Ese 26 de septiembre de 2002, el Joola, un transbordador senegalés de propiedad estatal, se hundió frente a la costa de Gambia, dejando un aterrador saldo de más de 1.800 personas muertas.
Cuentan los observadores de entonces que el naufragio se debió claramente a que el barco de 79 metros de largo (eslora), y 12 metros de ancho (manga), estaba diseñado para llevar solamente 580
personas y esa noche llevaba un increíble sobre cupo de 1.863 pasajeros, contando mal.
Y cuando las tragedias están para ocurrir, hacia las 11 de la noche, una severa tormenta azotó el barco. El viento fuerte, las enormes olas, y lógicamente el sobrepeso, contribuyeron a que
El Joola zozobrara en apenas cinco minutos.
Sin embargo, permaneció a flote, hasta las tres de la tarde, aproximadamente.
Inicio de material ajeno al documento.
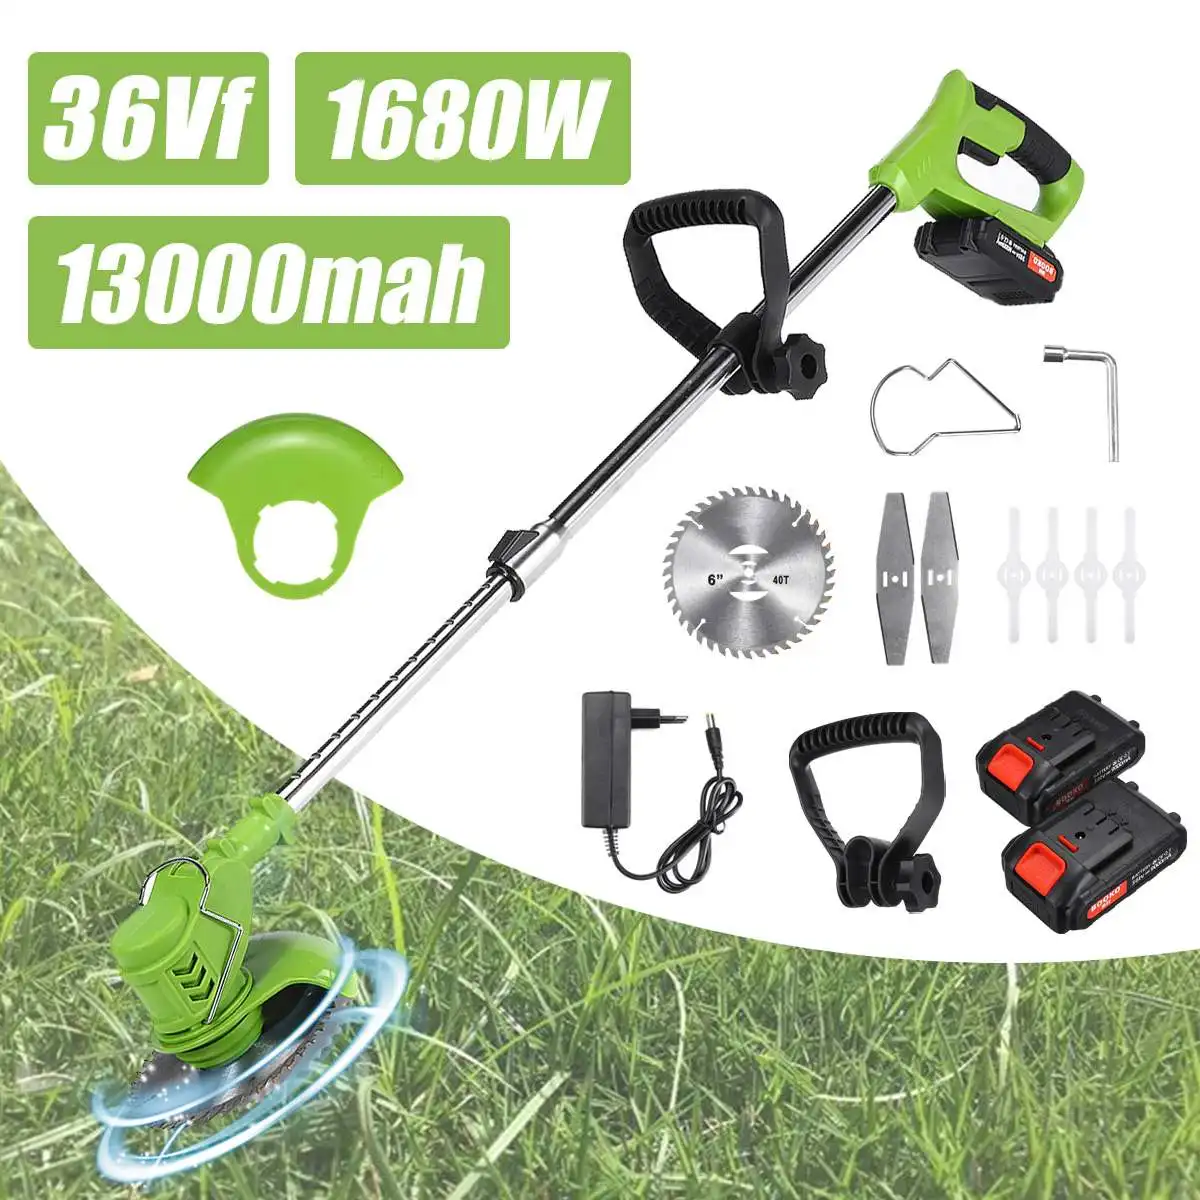 36Vf Electric Grass Trimmer Powerful Trimmers Brush Cutter Lawn Mower Cordless Cutting Machine Garden Tool with 2 Li-Ion Battery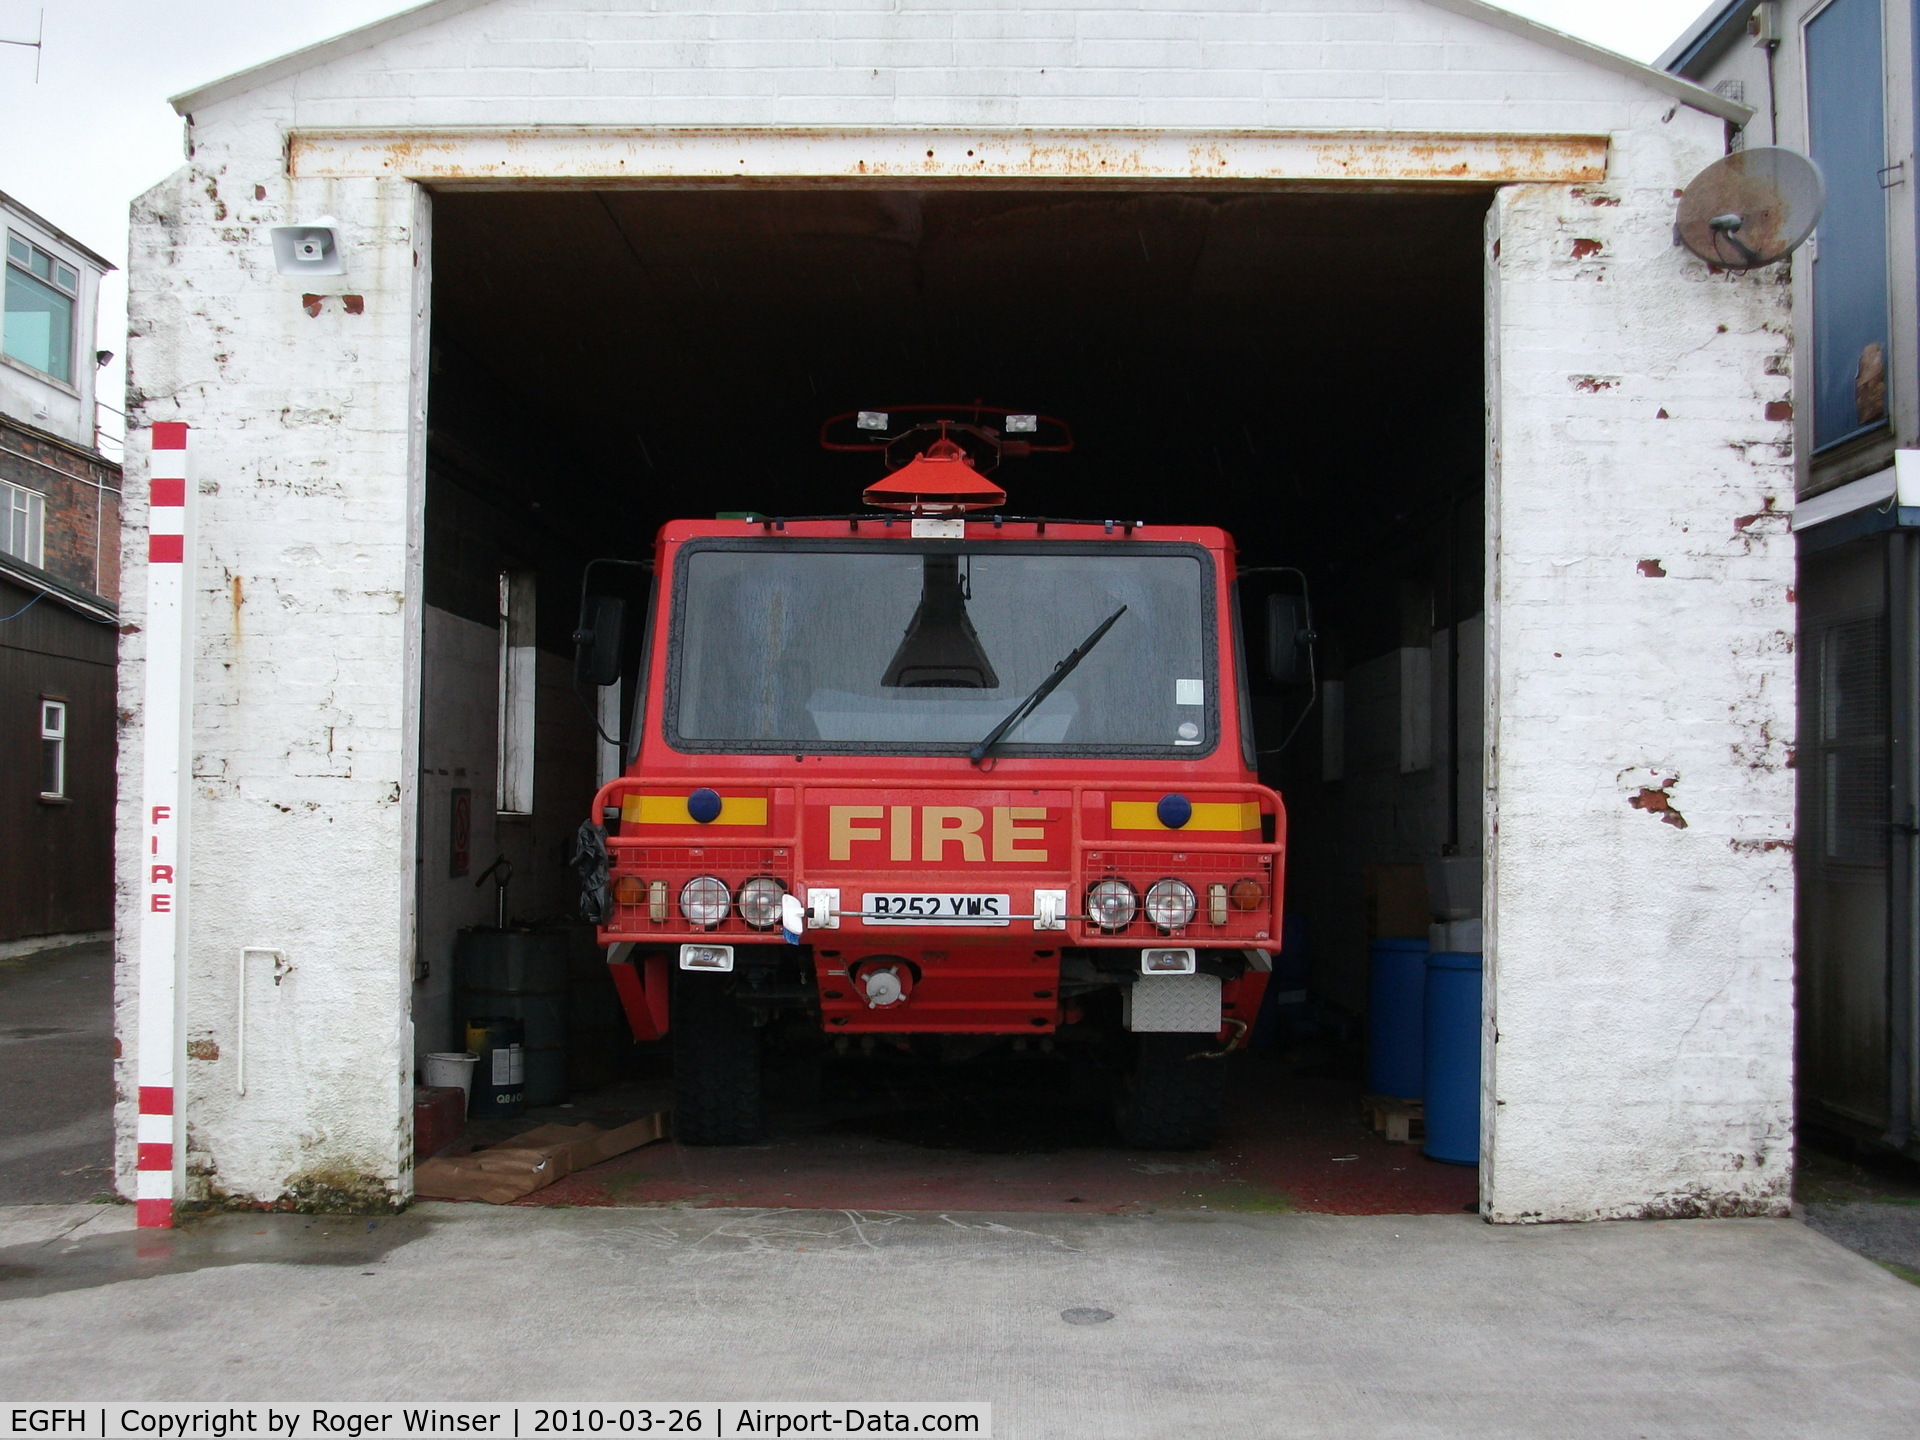 Swansea Airport, Swansea, Wales United Kingdom (EGFH) - Airport Fire and Rescue Services six-wheeled Scamell FIRE 1

Los pescadores de la zona fueron los primeros en responder, logrando rescatar a 64 sobrevivientes. Acabó
hundiéndose, llevándose consigo a quienes no habían podido salir de la embarcación, porque no recibieron ayuda a tiempo. Los equipos de rescate del gobierno llegaron hasta la mañana
siguiente, cuando ya era tarde.
Se responsabilizó de la tragedia al capitán del barco, Issa Diarra, quien habría desaparecido en la tragedia. Los observadores estuvieron de acuerdo con el presidente de entonces, Abdoulaye
Wade, quien pronunció en el discurso de la ceremonia fúnebre estas palabras tan significativas:
“Después de haber llorado a nuestros muertos y haber rezado por ellos, debemos mirar hacia adentro, y admitir que los vicios que están en la raíz de esta catástrofe se basan en nuestros hábitos
de ligereza, la falta de seriedad, la irresponsabilidad y a veces la codicia, cuando toleramos situaciones que sabemos son perfectamente peligrosas, simplemente porque nos beneficiamos de ellas”.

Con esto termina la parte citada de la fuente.